Objective–To determine the efficacy of antenatal low dose oral betamethasone in preventing neonatal thrombocytopenia and/or bleeding in infants of mothers with idiopathic thrombocytopenic purpura (ITP).
Setting–Hospital department of obstetrics and gynaecology, referral centre.
Patients–41 pregnancies in 38 women were randomized. The results of 13 pregnancies were considered non-assessable. The final analysis involved 14 in the betamethasone group and 14 in the non-treatment group. All fulfilled the criteria for ITP.
Interventions–The treated group received 1.5 mg betamethasone orally per day, from day 259 till day 273 and 1 mg from day 273 till delivery.
Main outcome measures–Effects of treatment were assessed in terms of maternal platelet counts after the first trimester and neonatal platelet counts at birth and the first week of life and neonatal bleeding episodes.

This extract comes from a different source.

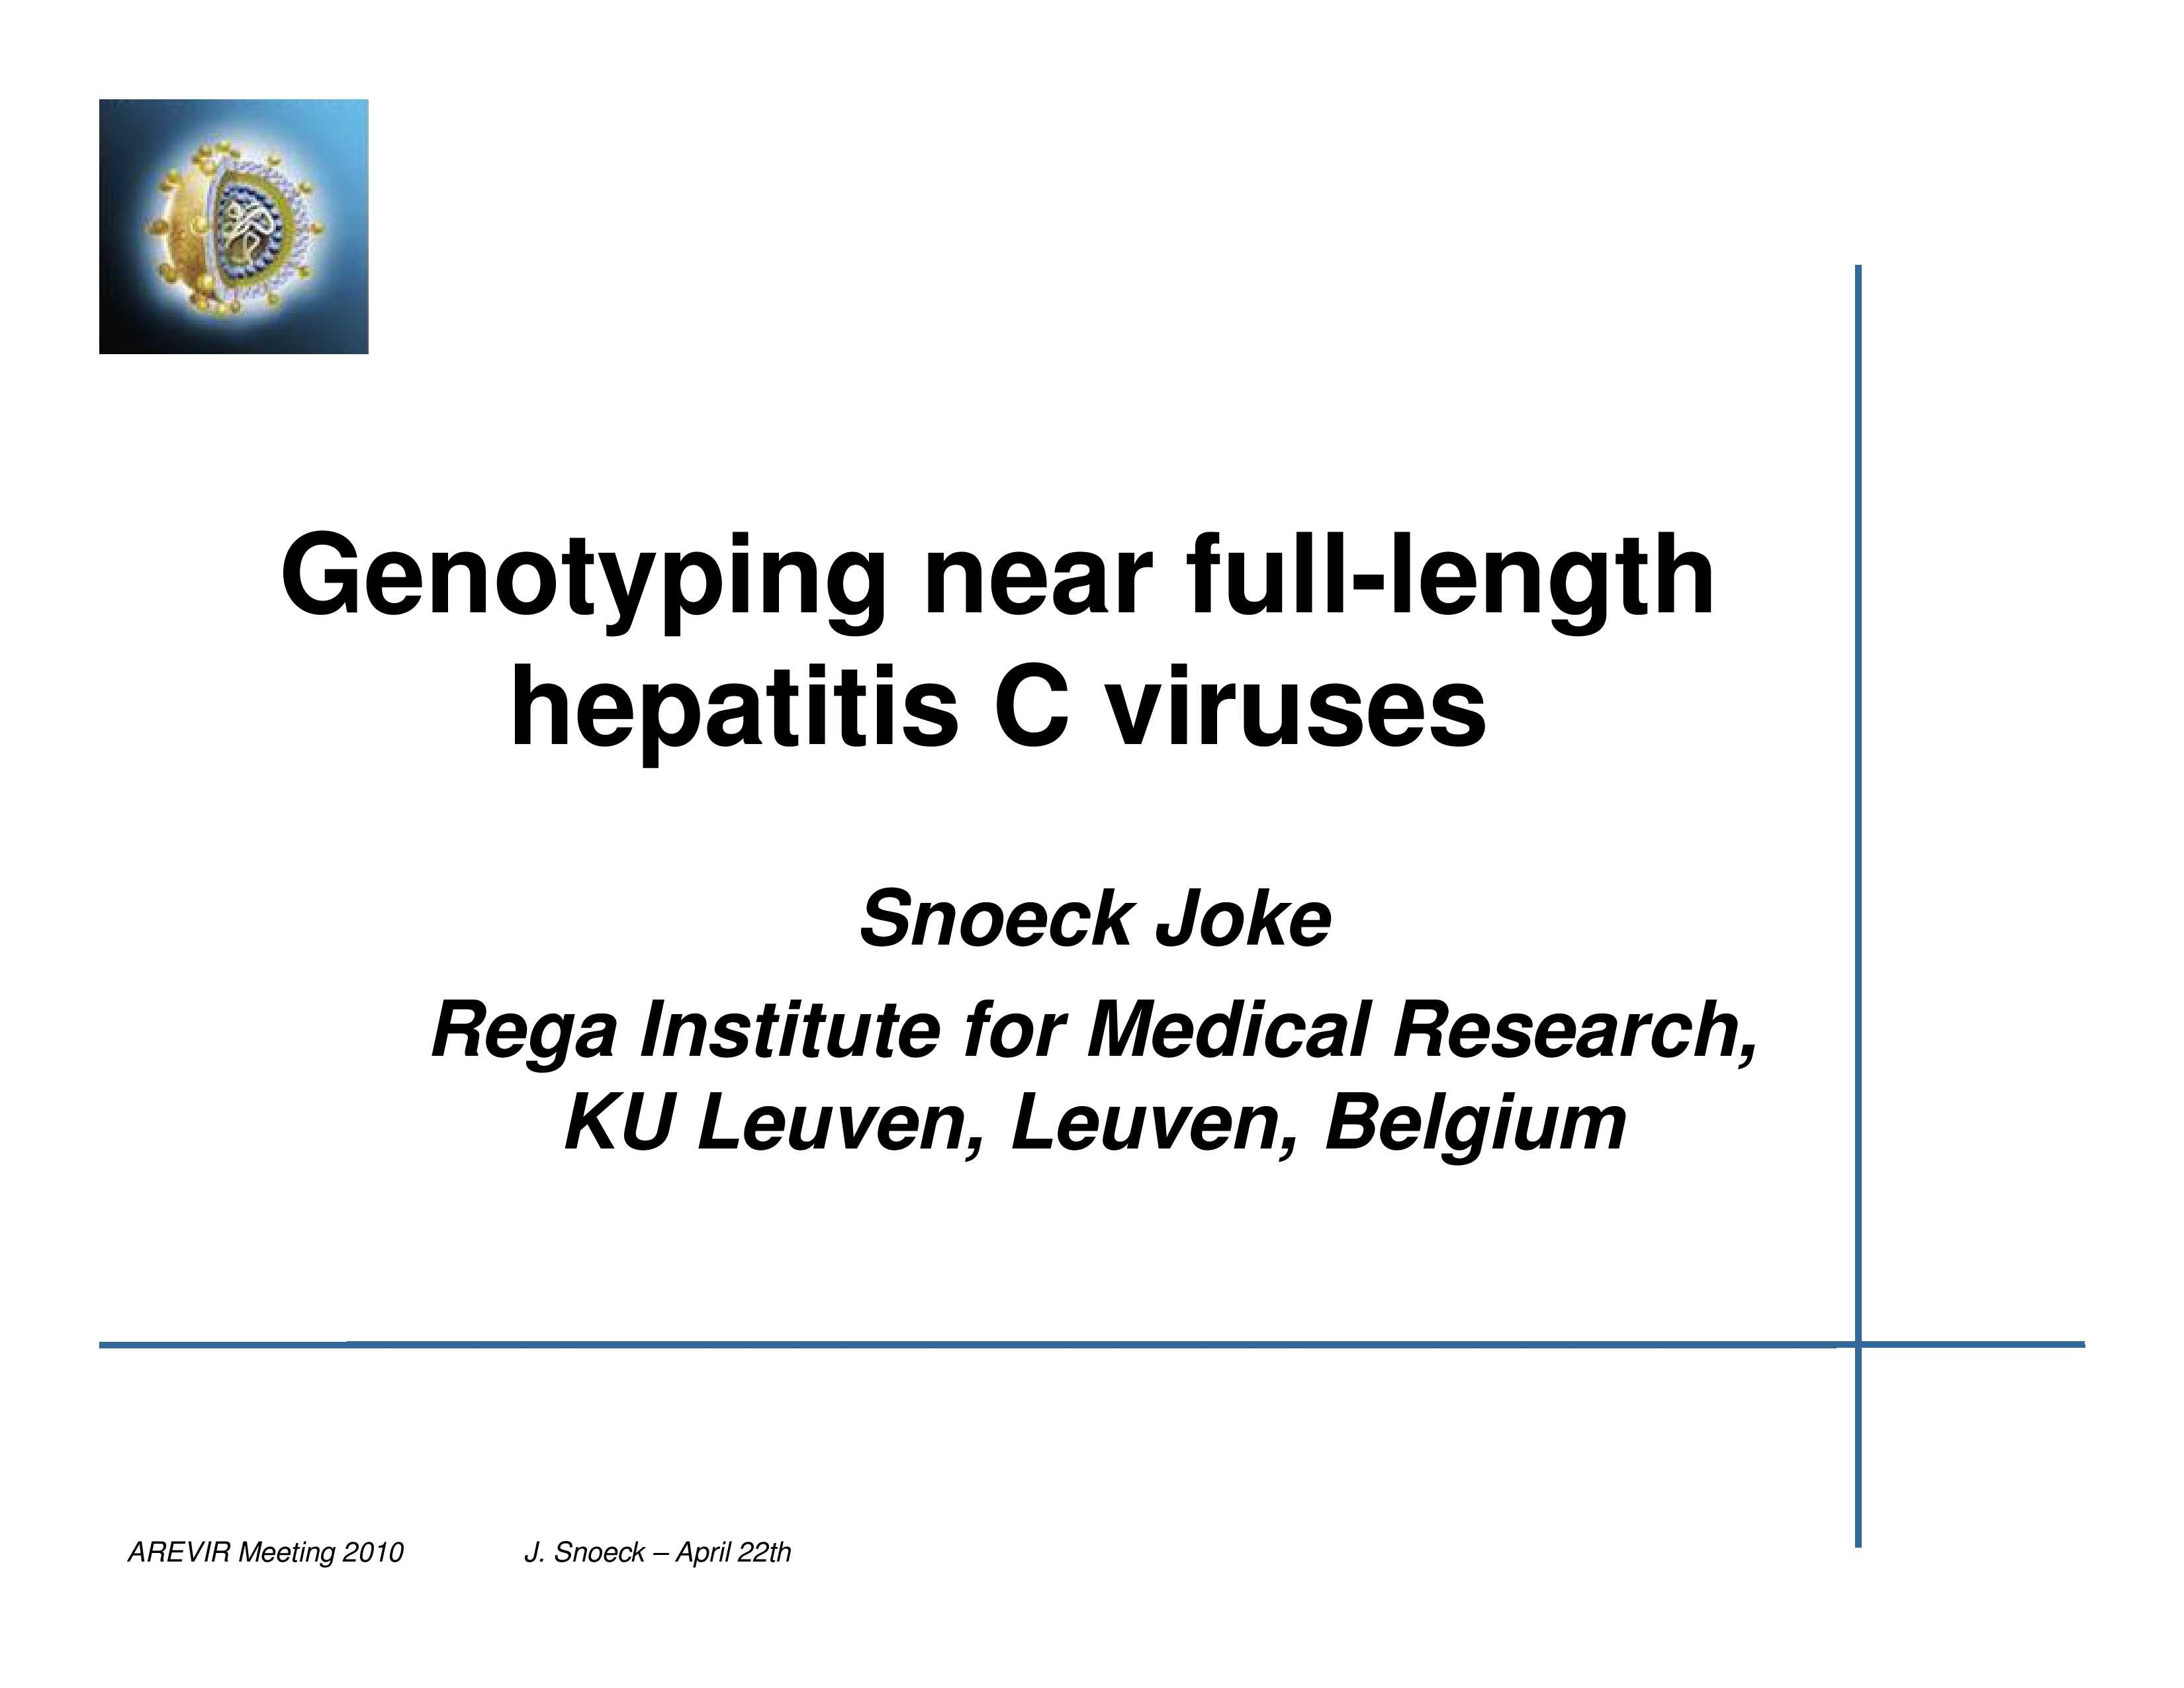 02_Snoeck_HCV_genotyping_100422-000001.jpeg

Results–There were no significant differences in neonatal platelet counts at birth. Two infants in the belamethasone group and one in the untreated group had a severe thrombocytopenia either at birth or during the first week of life (<50 × 109/1). Seven infants in the betamethasone group and six in the nontreatment group had a mild thrombocytopenia. The overall frequency of neonatal thrombocytopenia was similar: 64% in the betamethasone group and 57% in the untreated group (95% CI of the true difference: –43.5% to +29.5%). There was also no significant difference in neonatal bleeding episodes. Conclusions–Low-dose betamethasone in pregnant women with TTP does not prevent thrombocytopenia or bleeding in their newborn infants.